◆ **Problem**:
Exact repetition of a range: find the line containing "Куртка стеганая короткая с" and the line containing "PCHS softball coach" in the material below, then repeat both and all lines between them, leaving pictures out.

◆ **Provided data**:

++++++++++

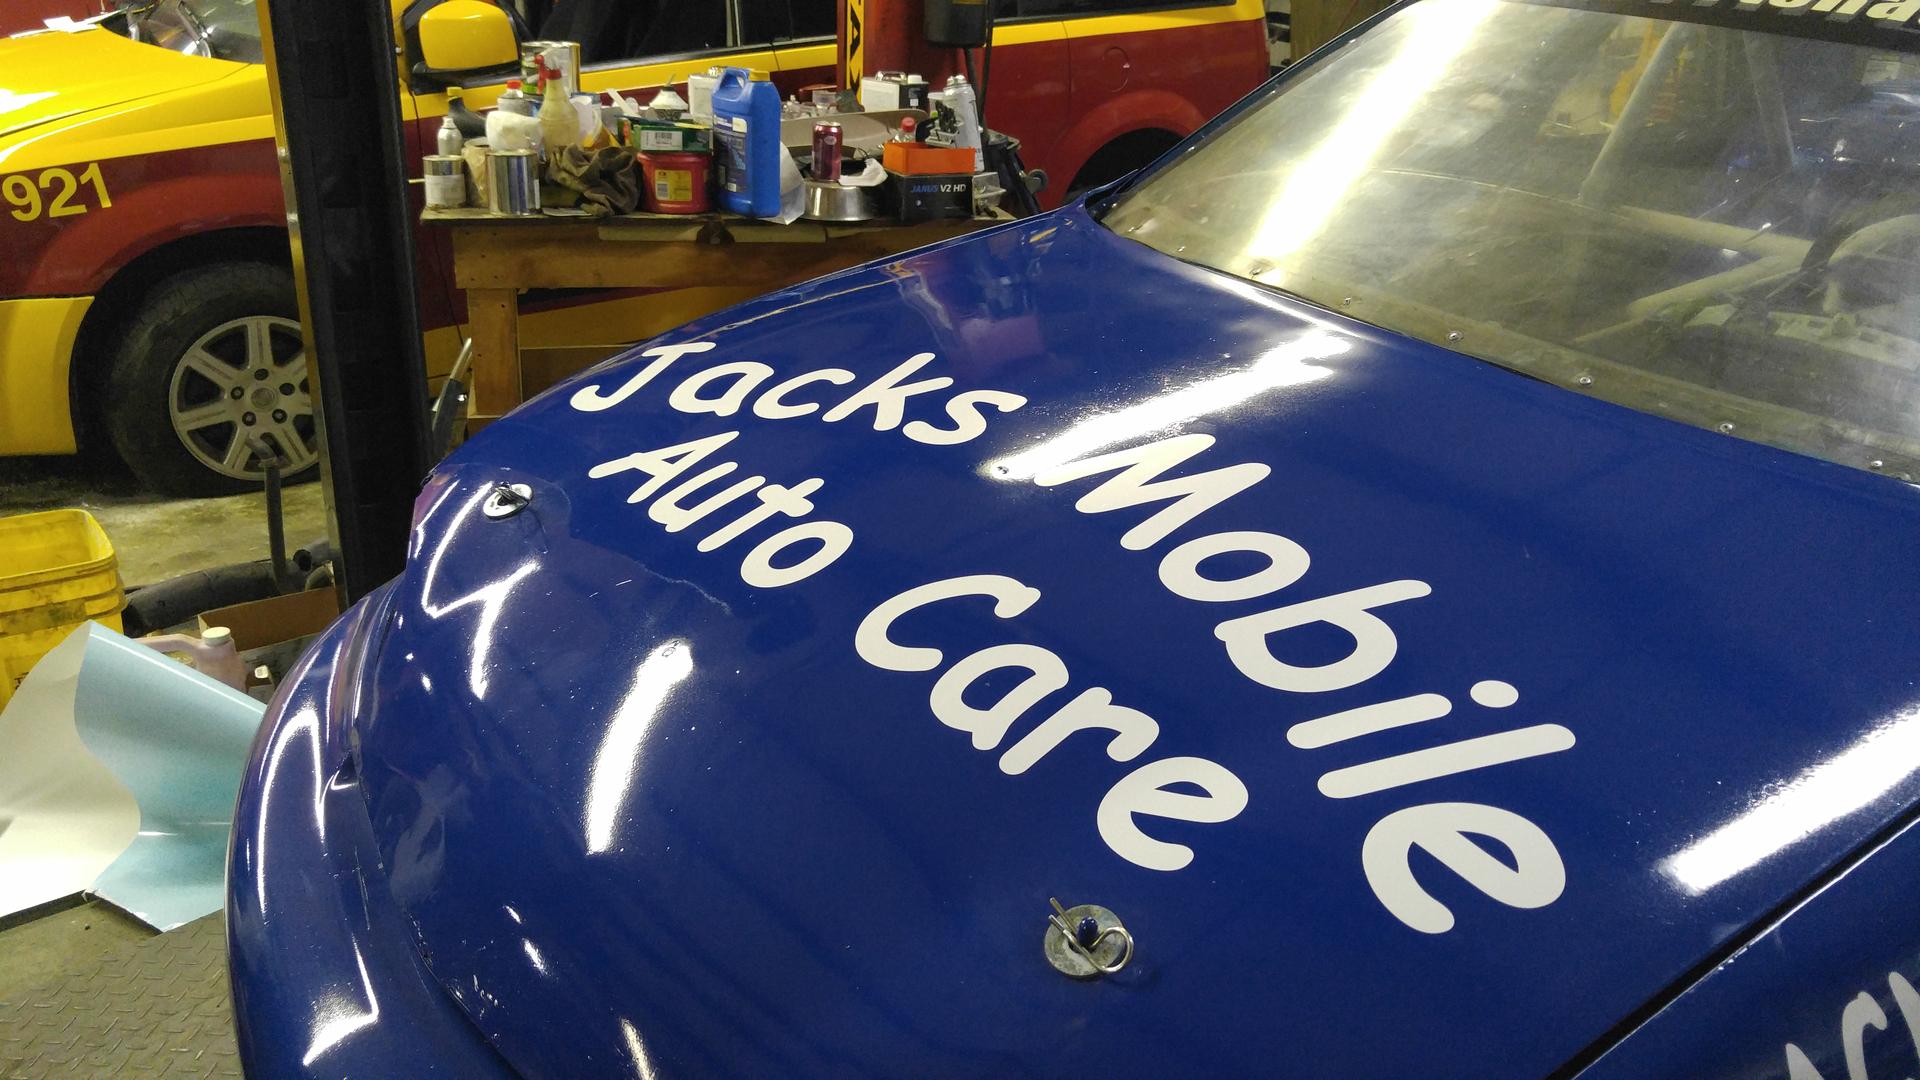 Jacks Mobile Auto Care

++++++++++

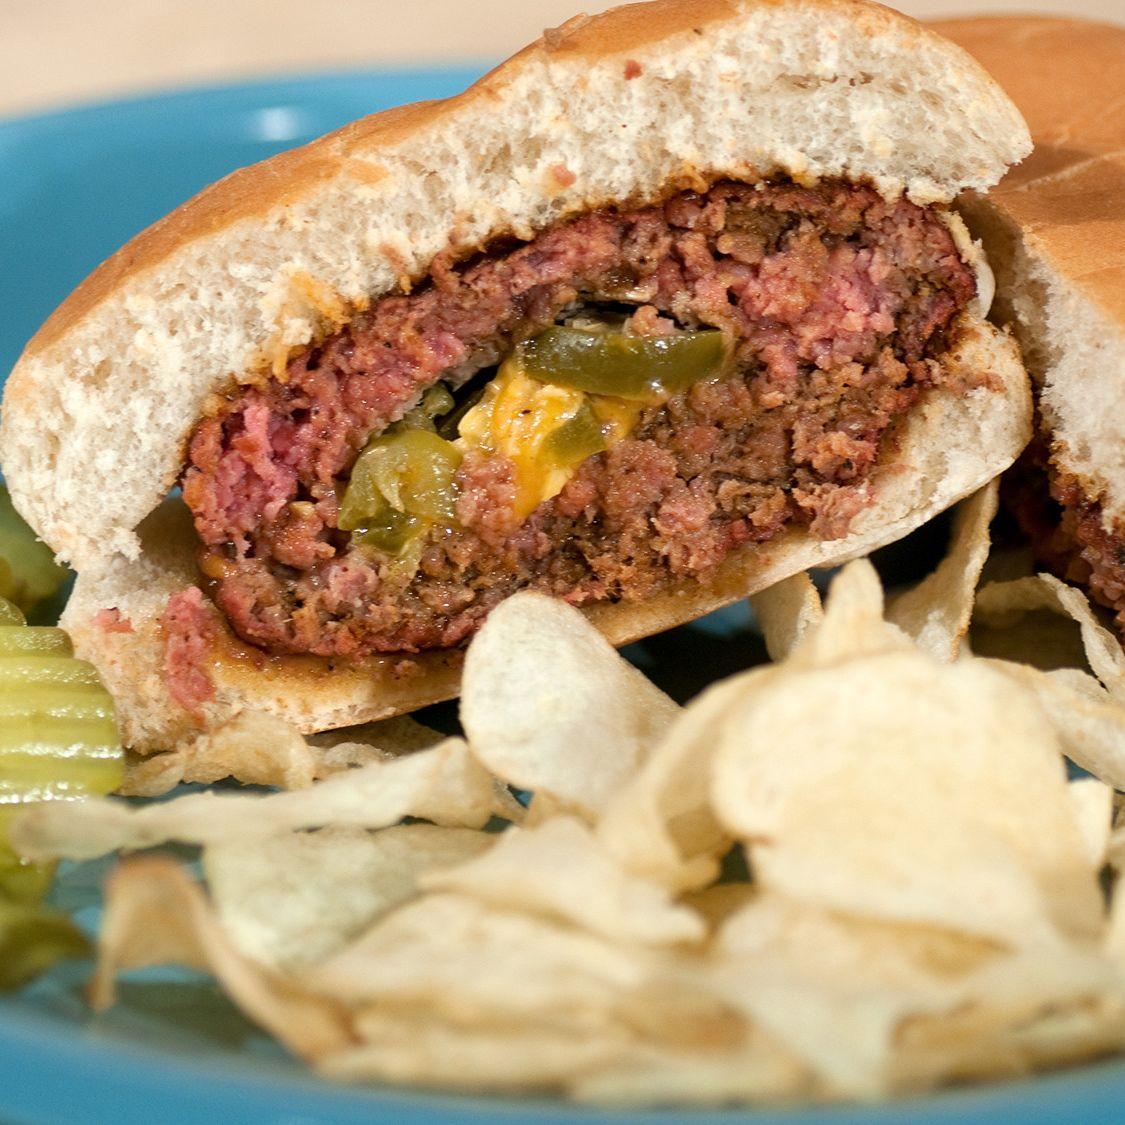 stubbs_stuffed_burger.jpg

++++++++++

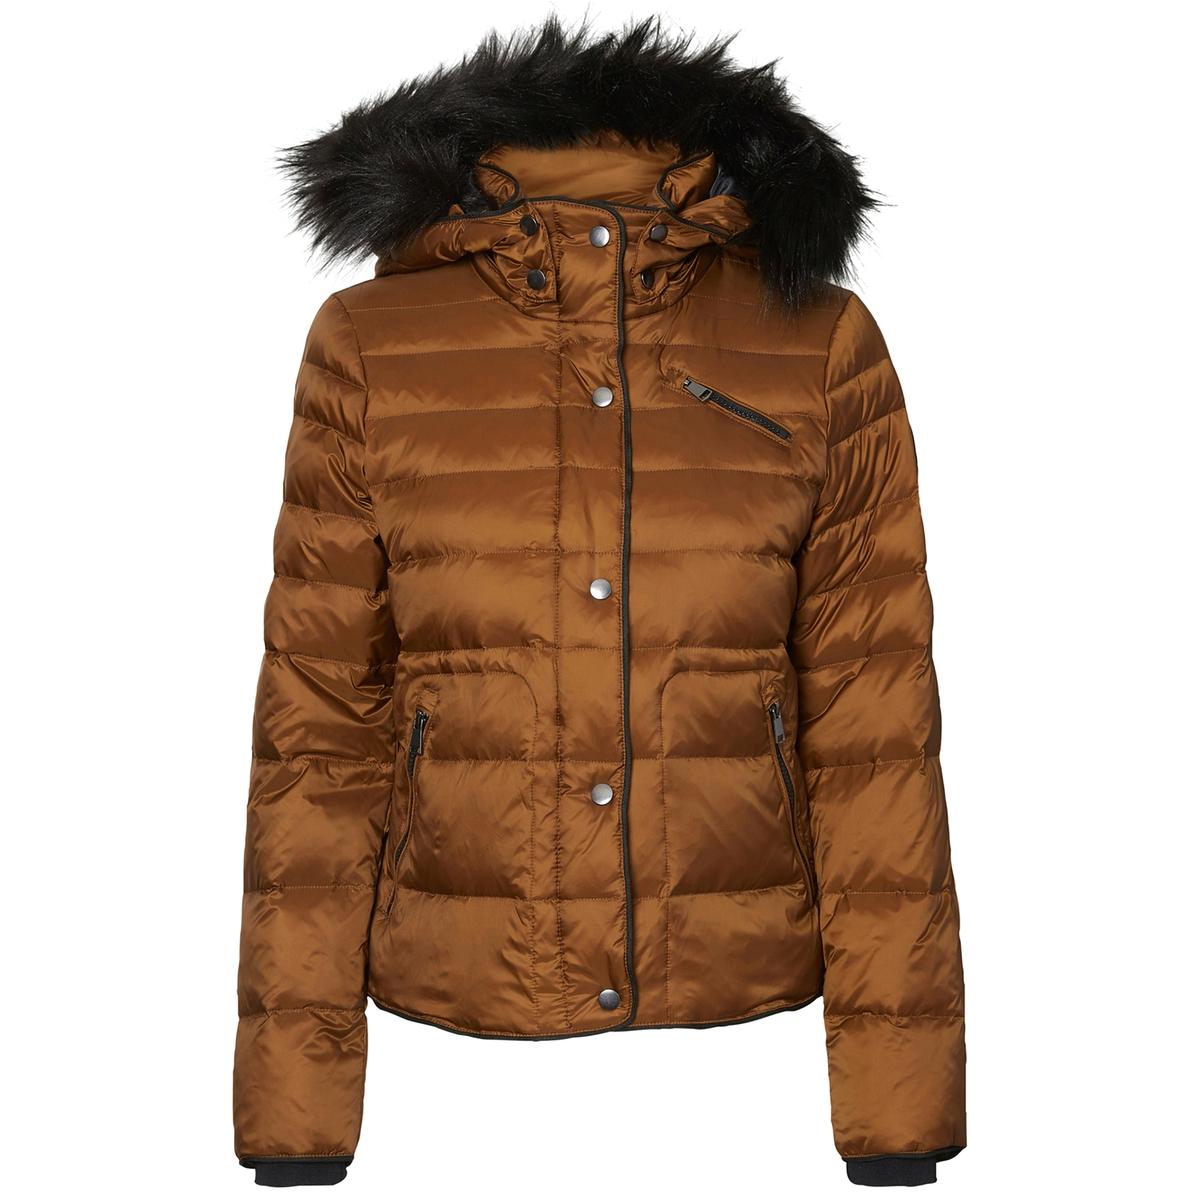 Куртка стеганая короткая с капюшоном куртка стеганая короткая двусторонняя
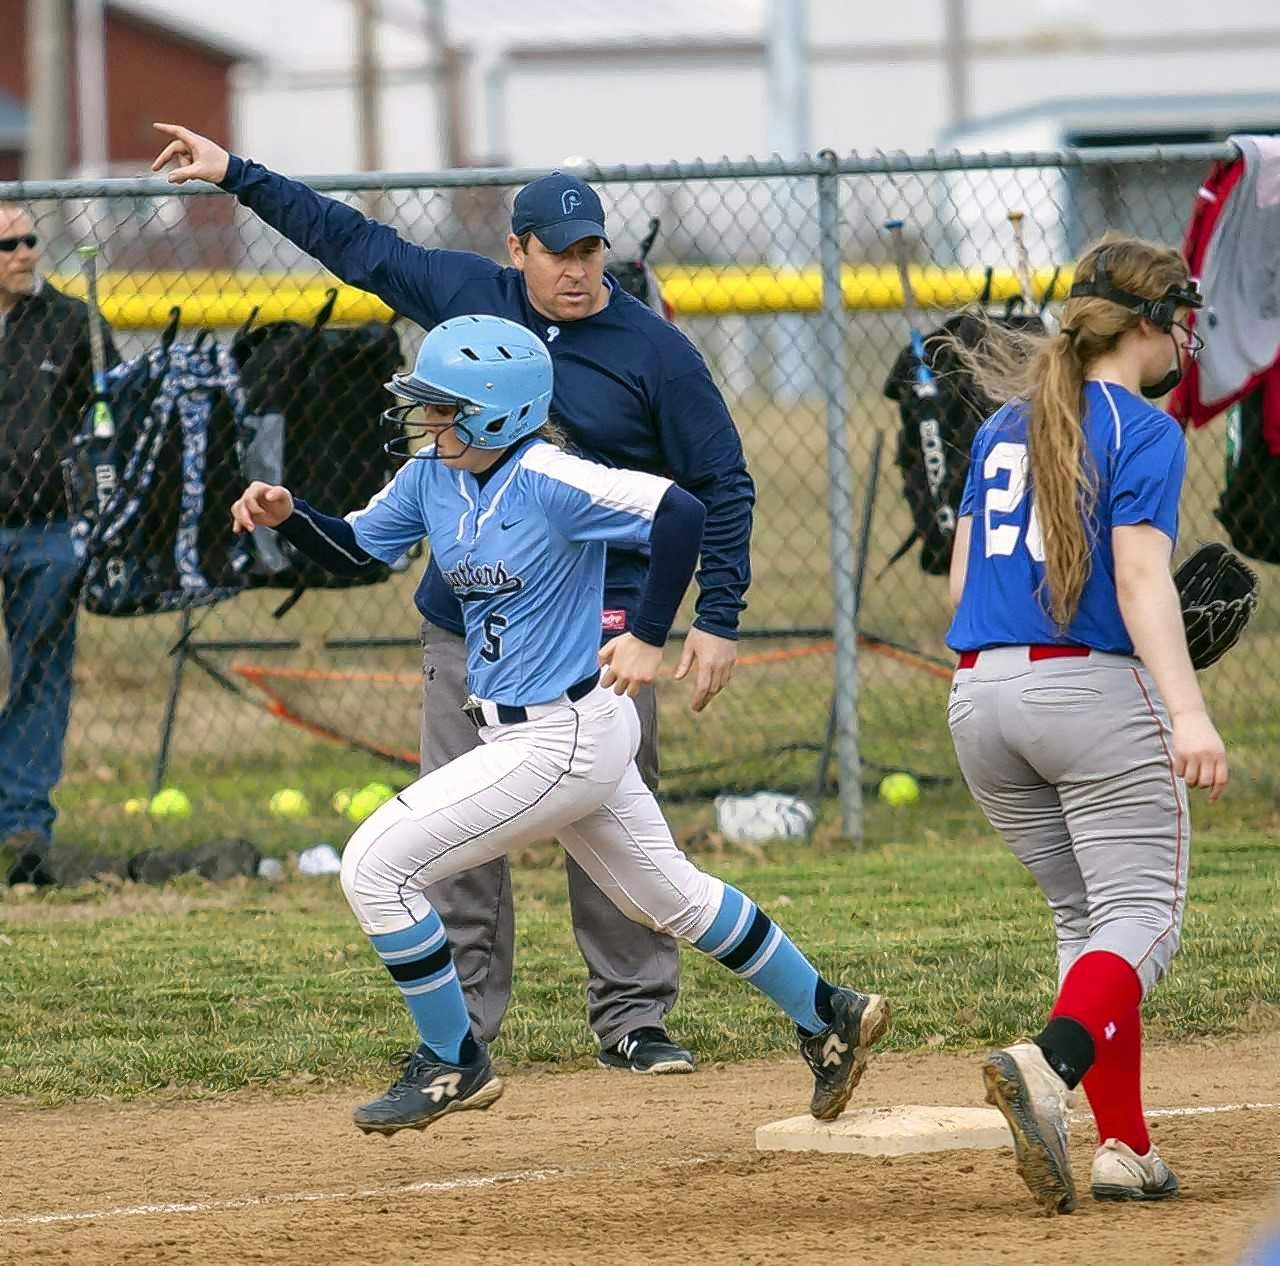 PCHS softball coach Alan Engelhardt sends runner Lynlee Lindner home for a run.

++++++++++

◆ **Answer space**:
 Куртка стеганая короткая с капюшоном куртка стеганая короткая двусторонняя
 PCHS softball coach Alan Engelhardt sends runner Lynlee Lindner home for a run.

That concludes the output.